American basketball player

Ivan McFarlin (born April 26, 1982) is an American former professional basketball player.

==Basketball career==
McFarlin attended Willowridge High School in Houston, Texas, where he led his team to win the state championship in his senior year, as he averaged 15.9 points, 14.9 rebounds, 3.5 blocks and 3.2 steals. McFarlin played college basketball at Oklahoma State University, and helped the Cowboys to a Final Four appearance in 2004, where the team lost to Georgia Tech on a late-game basket. He is one of four Oklahoma State players to have over 1,000 points, 700 rebounds, and 100 blocks, the other three being Byron Houston, Leroy Combs and Bryant Reeves.

In the 2006-07 NBA season, McFarlin was a member of the Philadelphia 76ers, but was traded on December 19, 2006, along with NBA superstar Allen Iverson for two draft picks, Andre Miller and Joe Smith. He was immediately waived.

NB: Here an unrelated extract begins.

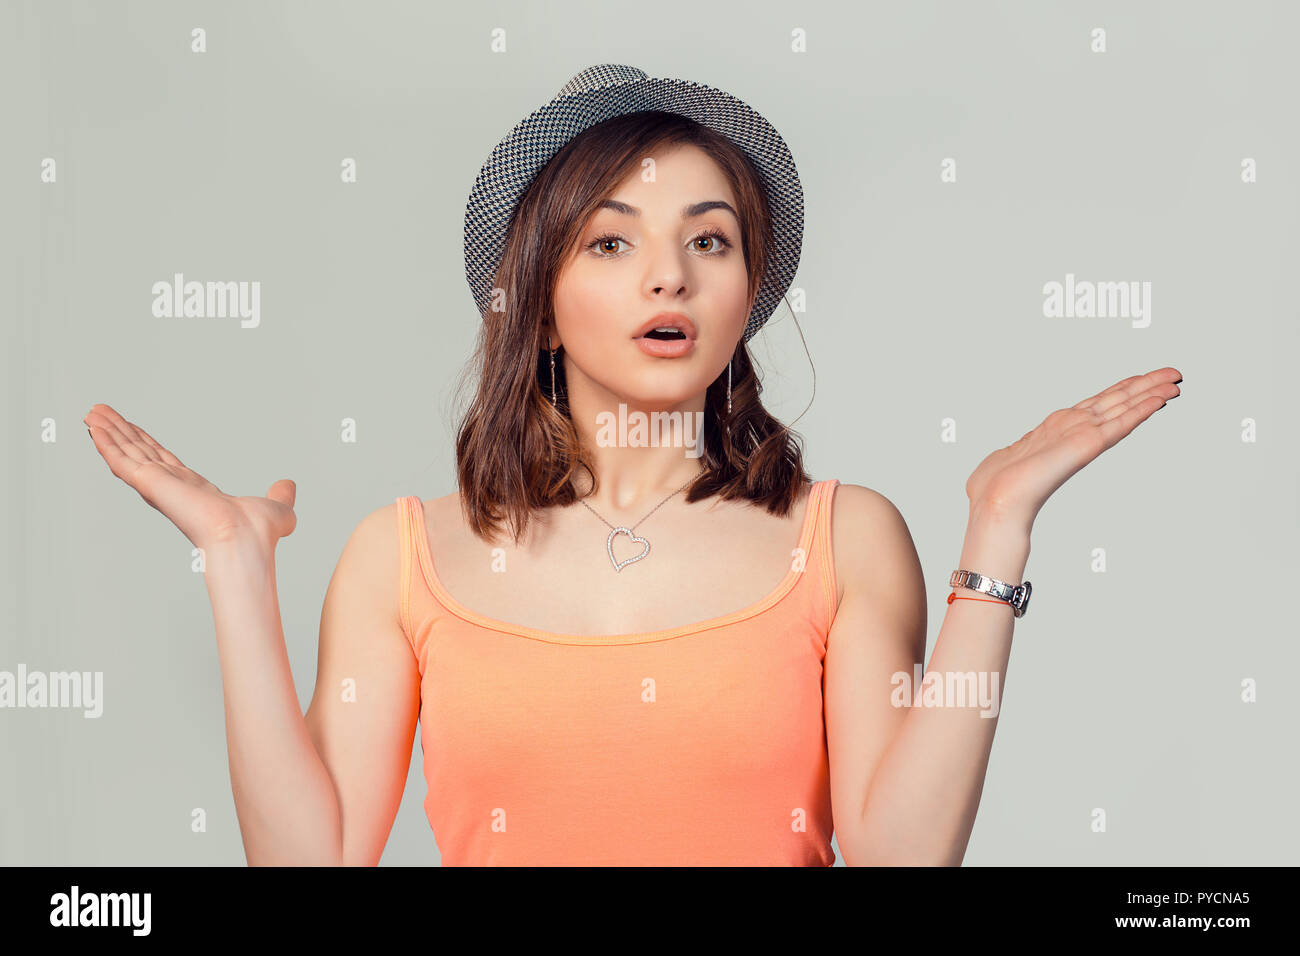 Portrait dumb looking woman arms out shrugs shoulders I don't know isolated on loght gray wall background. Negative human emotion, facial expression b Stock Photo
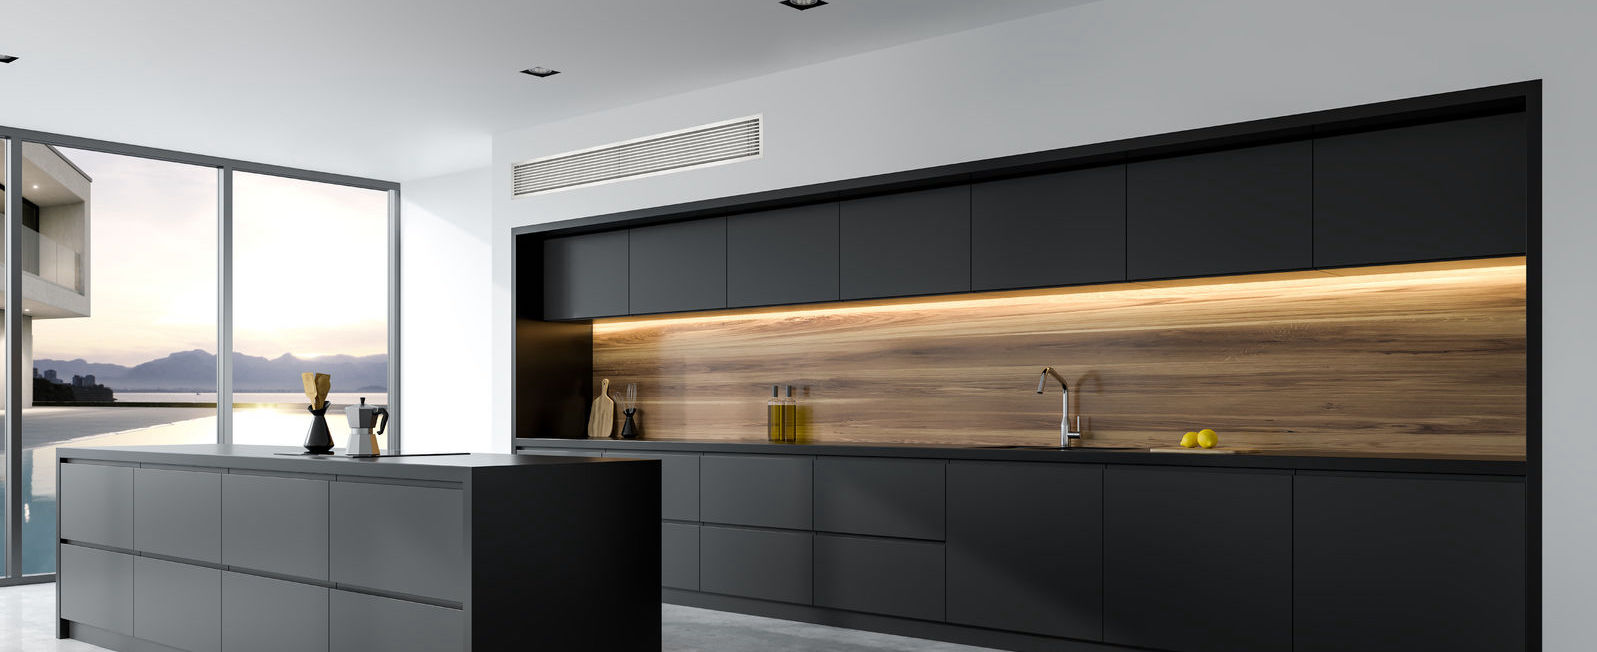 Home Ducted Air Conditioner Penrith Kitchen

McFarlin later played in Poland with SKK Kotwica Kolobrzeg. In 2010, he played for the Bendigo Braves of the South East Australian Basketball League. He made the league's all star team and led the league in rebounds and rebounds per game.

Prior to the 2010/2011 season, he signed with Hapoel Lev HaSharon of the Israeli Liga Leumit.

In 2011 Ivan returned to the Bendigo Braves.

After spending 2012 playing in China, the Bendigo Braves announced that Ivan would be returning to play a third season with the Braves in 2013.

==Personal life==
McFarlin is the son of Delphine and Tyrone Powell McFarlin, of Missouri City, Texas.
He currently lives in Stillwater, Oklahoma, the town of his college alma mater, Oklahoma State University, and assists the Oklahoma State basketball program. McFarlin also works part-time elsewhere. On May 22, 2019, McFarlin was named the head coach of the Ponca City Boys High School basketball team in Oklahoma. In 2023 McFarlin was named the head coach of the Agra High school and Middle School basketball team.